Robin Scott loves to cook. She has a deep, personal appreciation for food and for bringing people together to enjoy it. She is well known and beloved in Marin County as a tried and truly caring caterer.
Whether your event is a casual luncheon for best friends, an English Tea, a black-tie wedding or a themed party, Robin Scott Catering will make the occasion festive, memorable and unique, designing a superb guest experience.
Robin delights in creating imaginative, customized menus and in preparing delicious foods, beautifully presented, with good wines and superior service.
Catering is only part of Robin’s talent. She is a persnickety shopper of homegrown and local ingredients, even growing her own apples, figs, raspberries, herbs and lemons. What makes Robin’s events unparalleled is her commitment to detail and personal service to assure that each event runs smoothly from start to finish.

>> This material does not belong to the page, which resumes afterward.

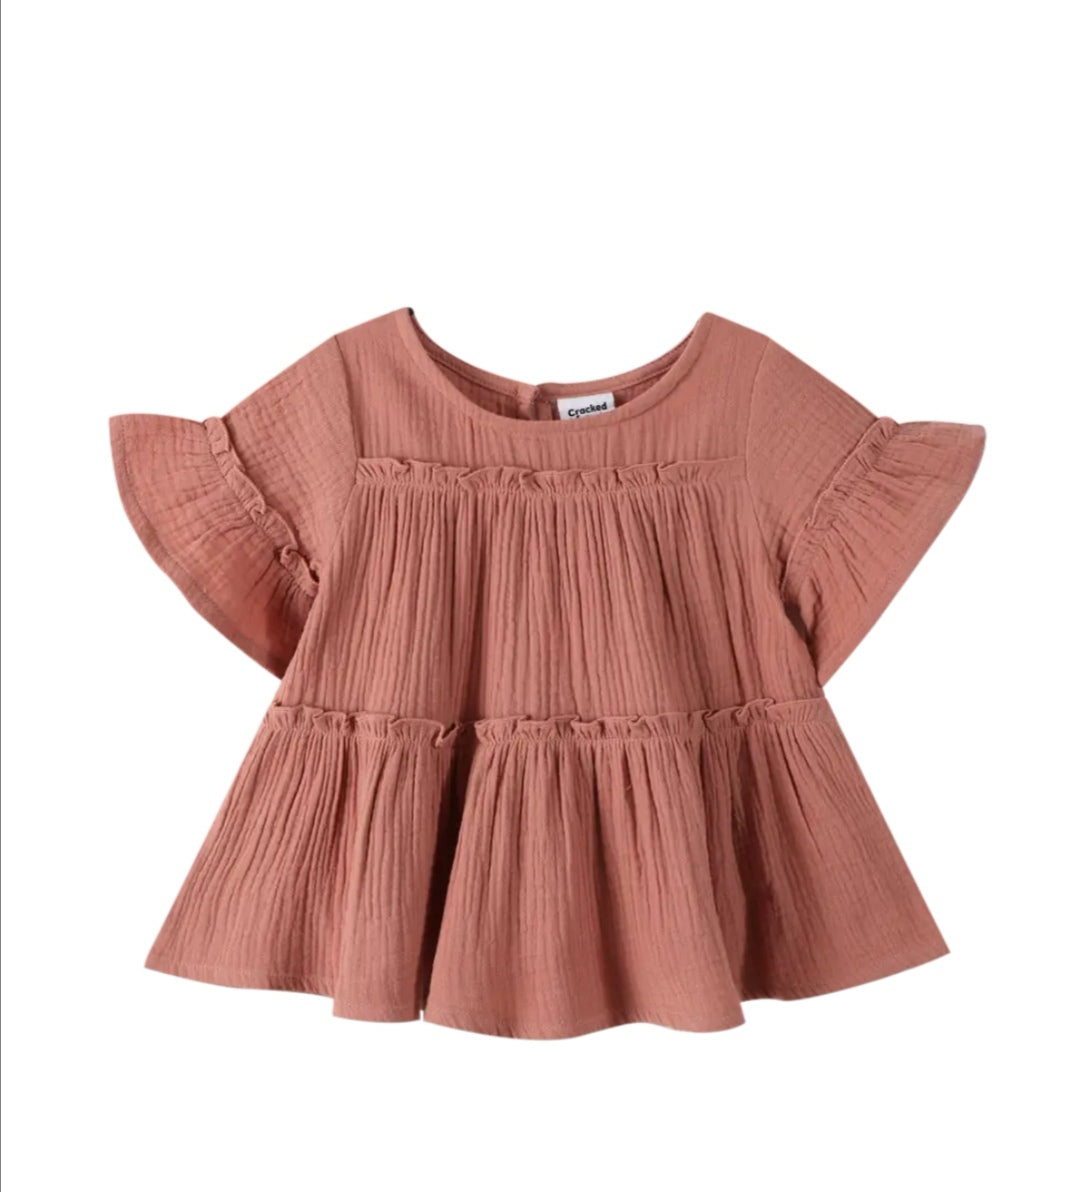 Indi Flare Sleeve Top - DUSTY PINK

Robin has catered locally for 18 years. After attending Tante Marie’s Cooking School in San Francisco, she previously a chef for, among others, Insalata’s, Perry’s, and the Pacific Spirit before opening Robin Scott Catering. Share the recipe for her scrumptious pea soup.
Robin’s Pea Soup
2 Shallots, minced
2 t. olive oil
1 potato, peeled and cut into 1/2-inch dice
4 cups chicken or vegetable stock
4 cups frozen peas
crême fraîche
salt and pepper to taste
Sauté shallots in oil in a large pot over medium heat until soft. Add potato and stock and cook until potato is soft. Add peas and simmer for about 3-4 minutes. Turn off heat and let cool. Purée in batches or use a submersion blender. Season with salt and pepper. When serving, drizzle a little crême fraîche on top and garnish with a sprig of mint.